INFORMATION PROVIDED:
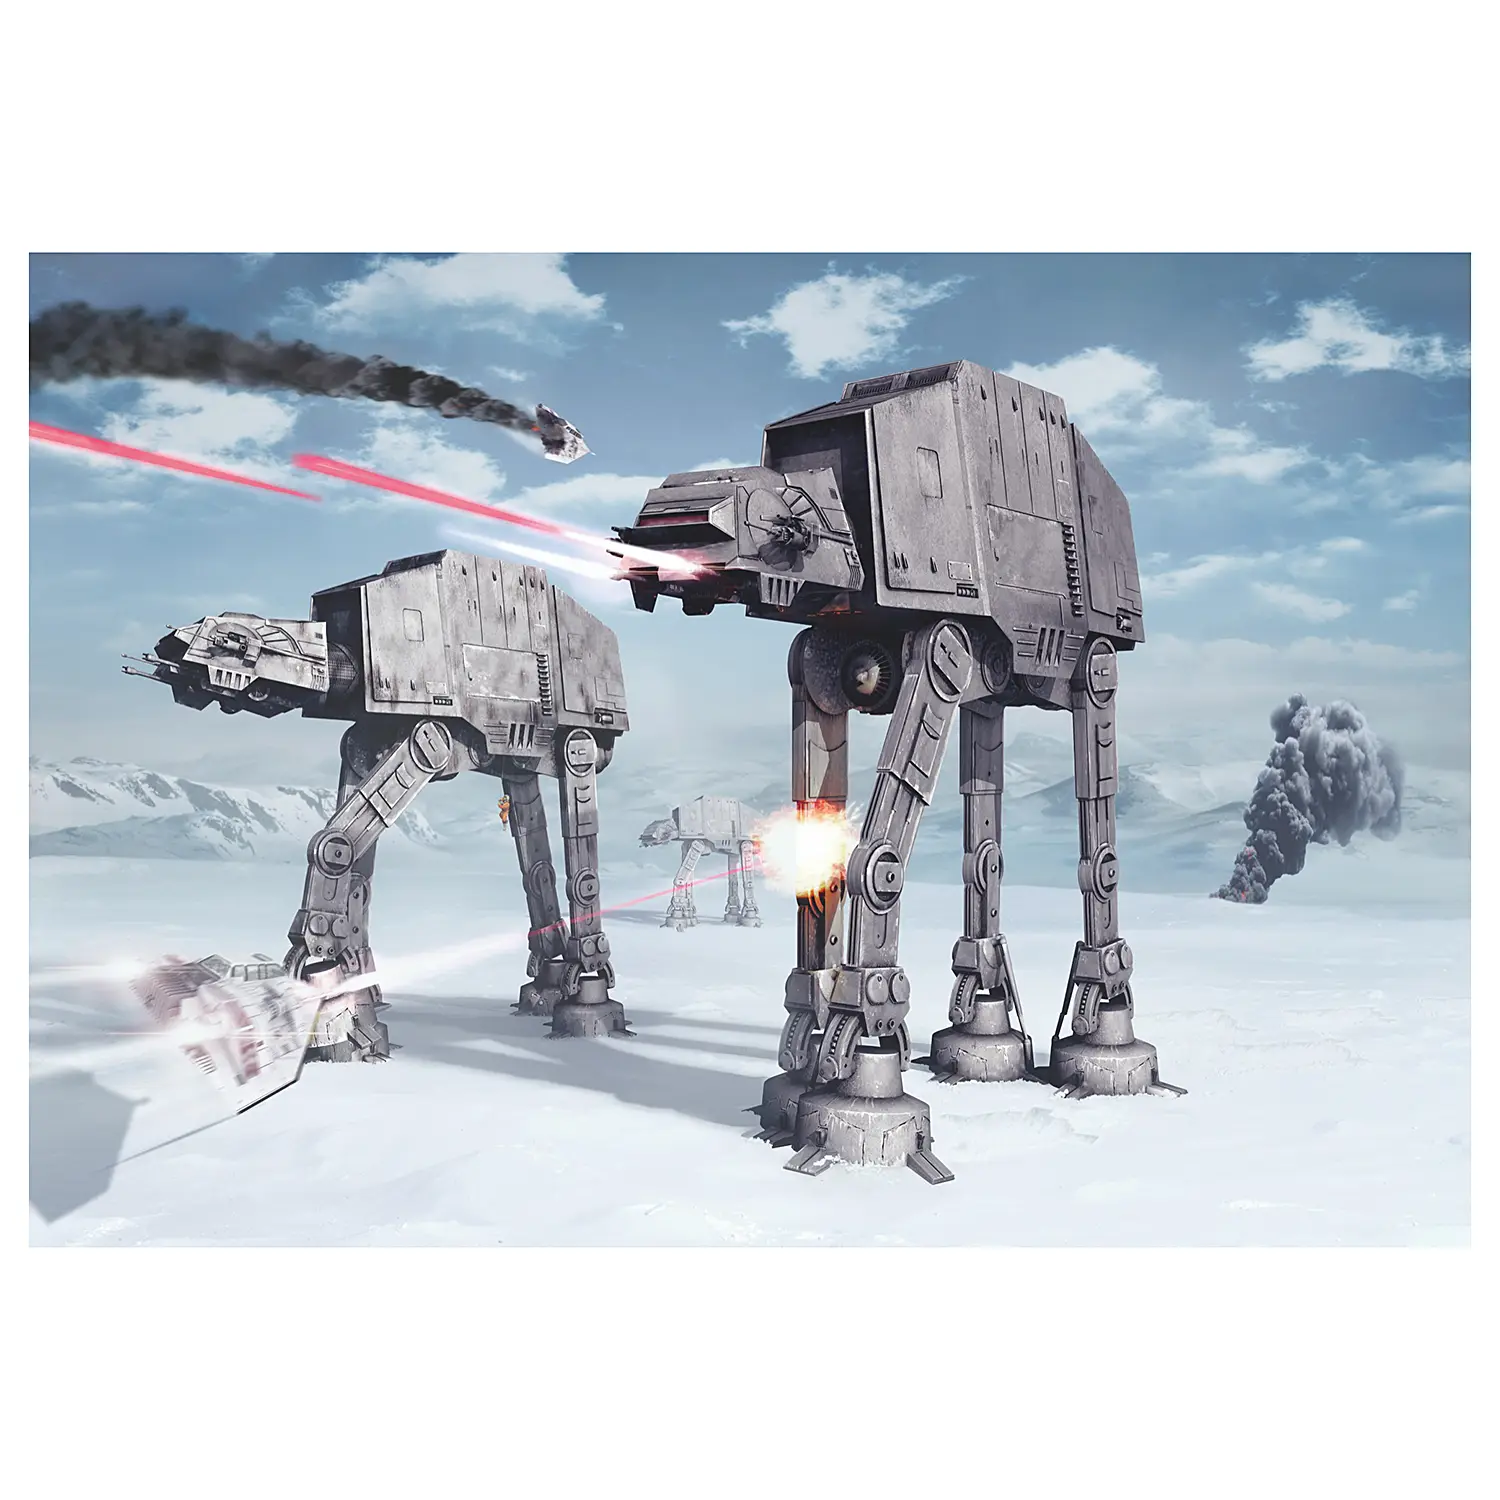 Fototapete of Star Wars Hoth Battle
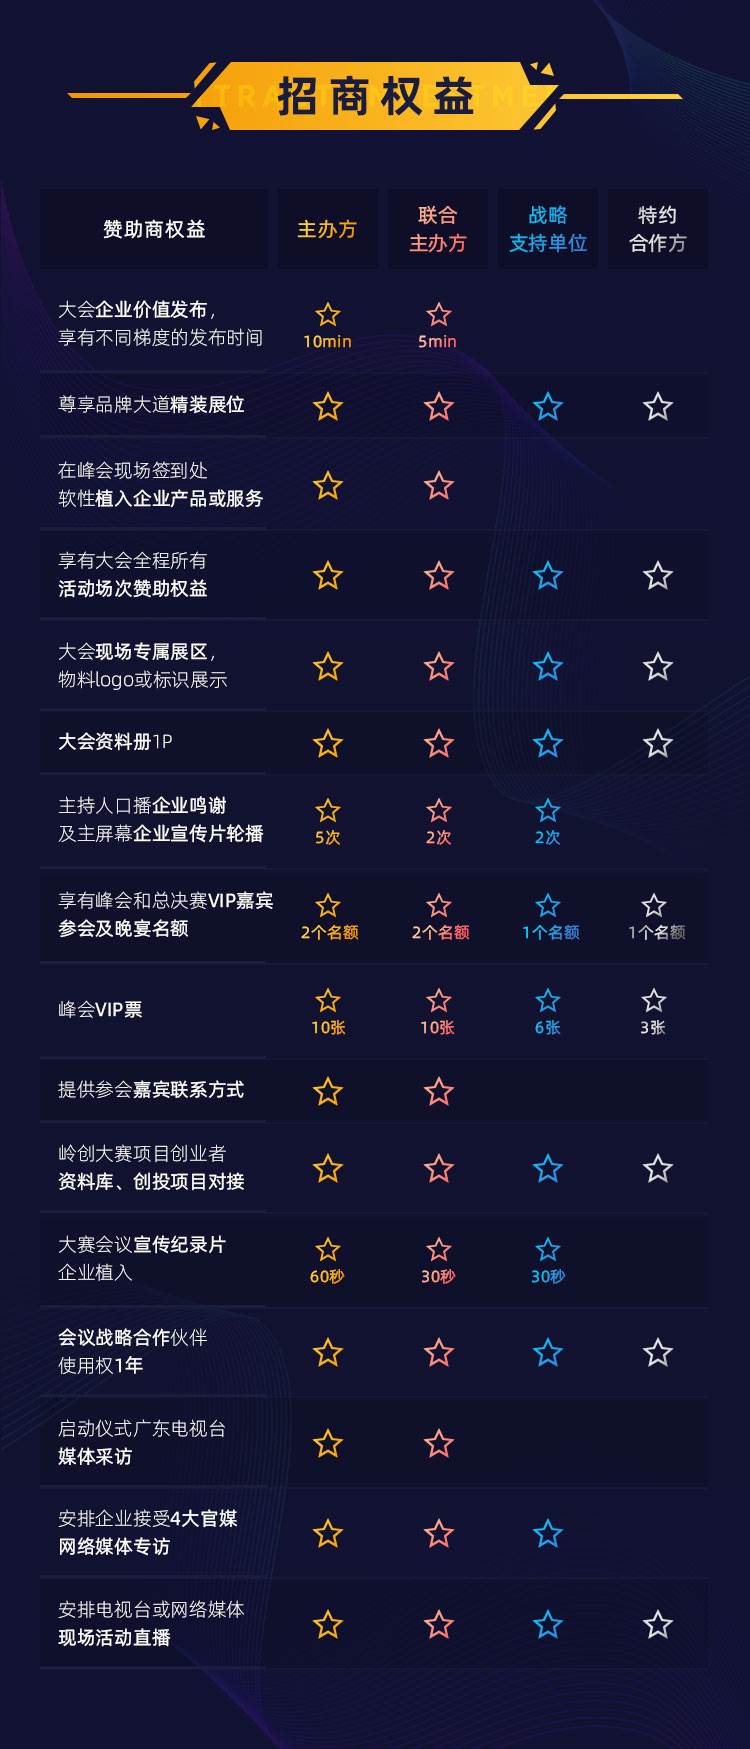 2020中国产业峰会_售票详情v2.1_07.jpg
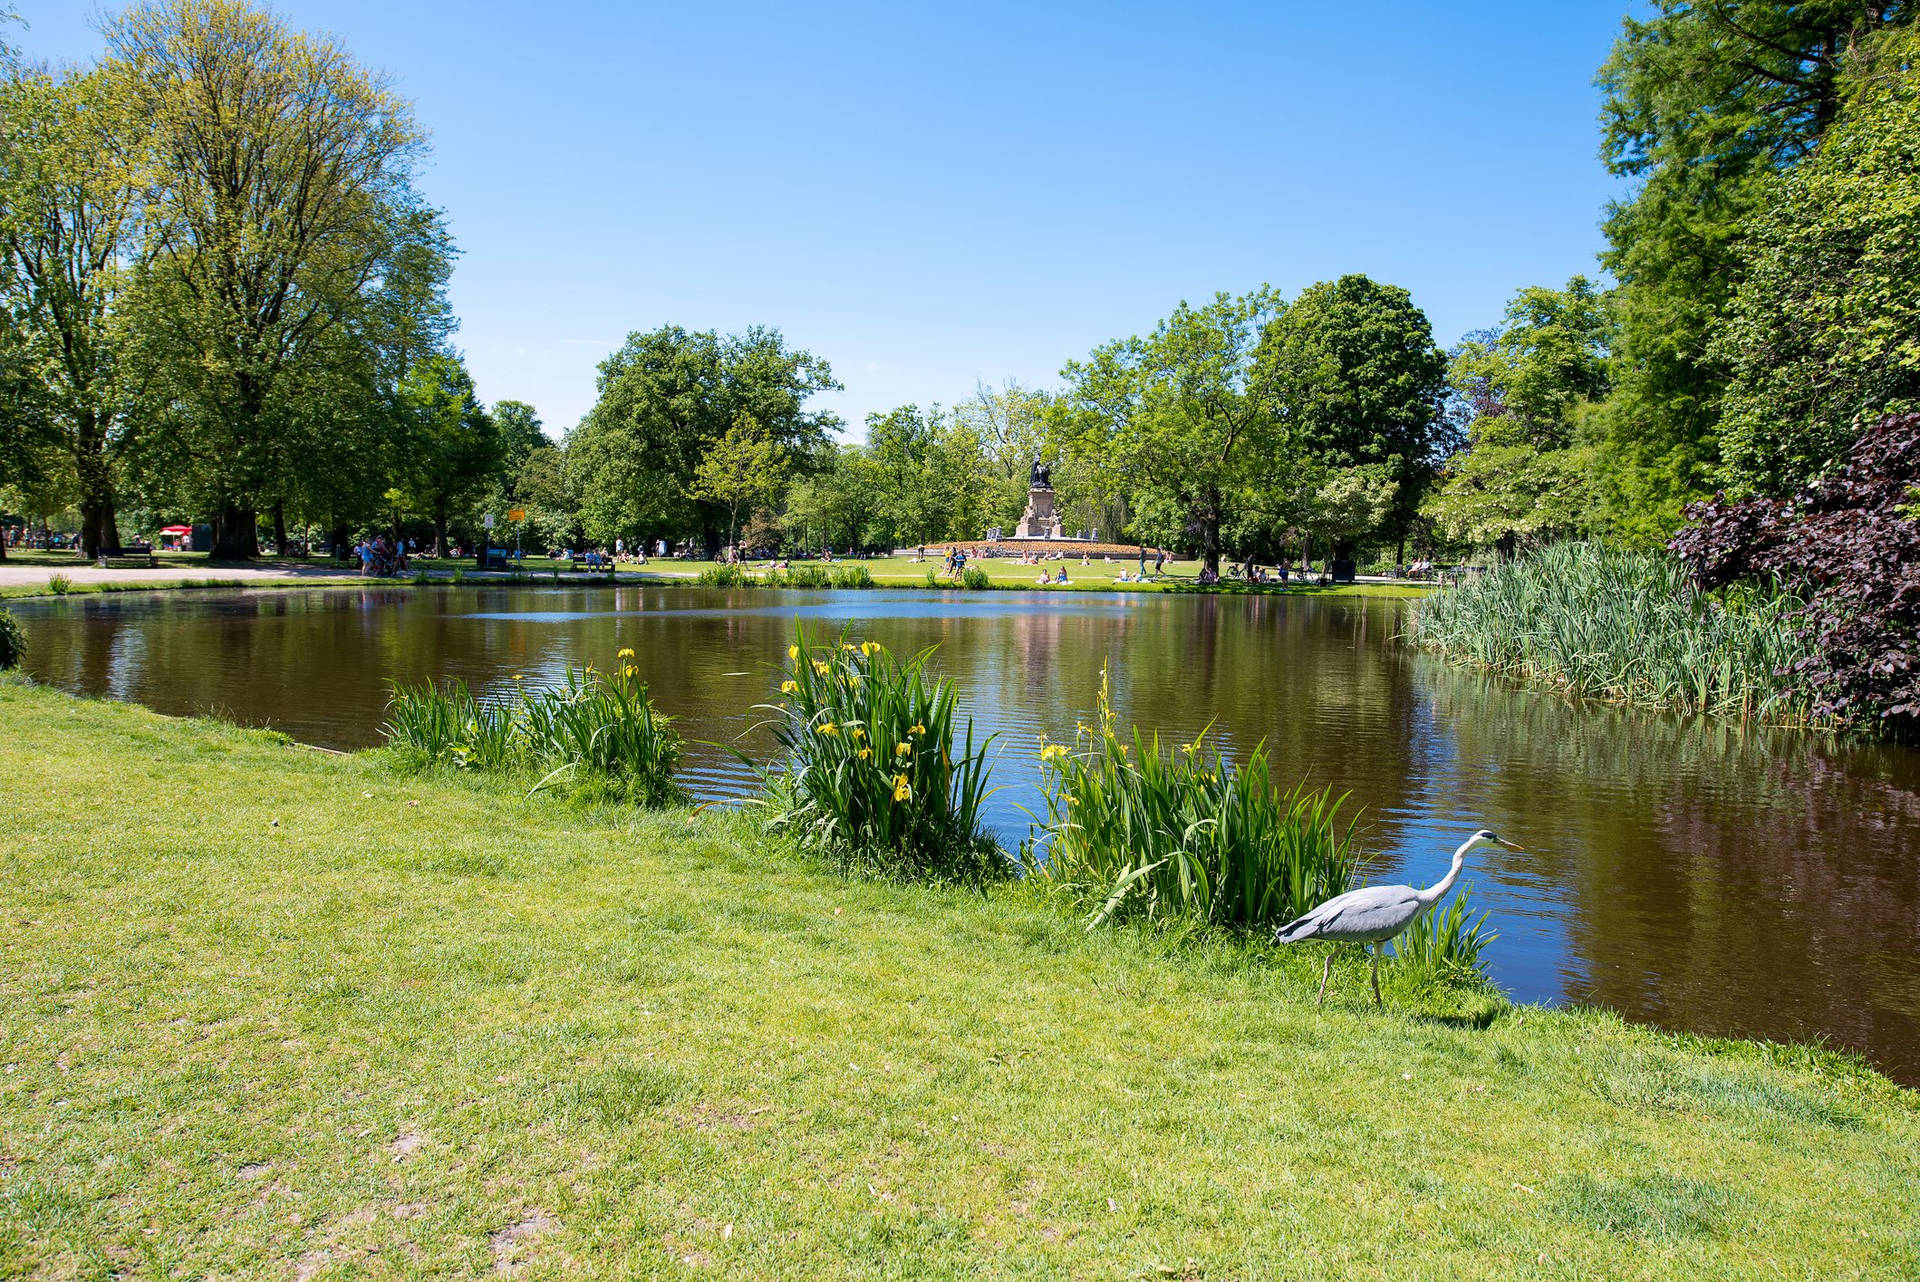 Amsterdam Vondel Park Pond Background
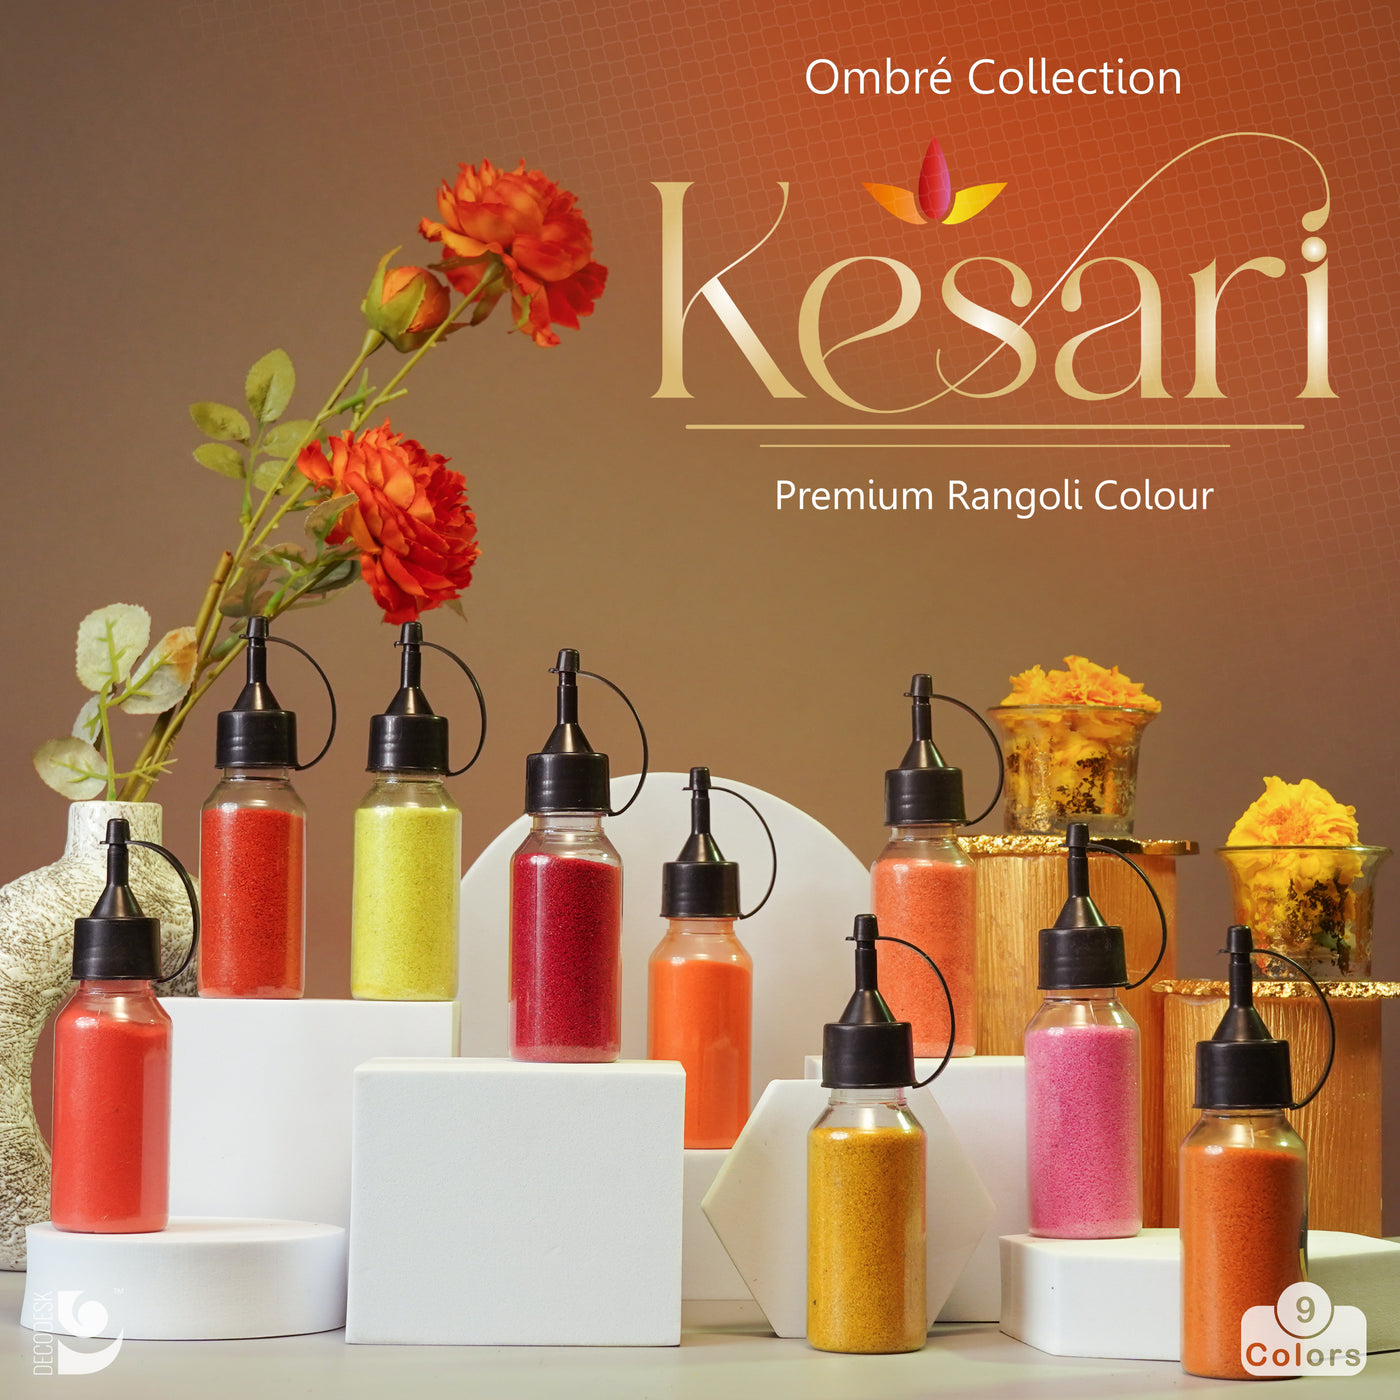 Kesari Premium Rangoli Colour from island rangoli

PROBLEM STATEMENT: Where the data includes pictures, leave them out and write out everything else exactly.

RESULT:
 Fototapete of Star Wars Hoth Battle
 2020中国产业峰会_售票详情v2.1_07.jpg
 Amsterdam Vondel Park Pond Background
 Kesari Premium Rangoli Colour from island rangoli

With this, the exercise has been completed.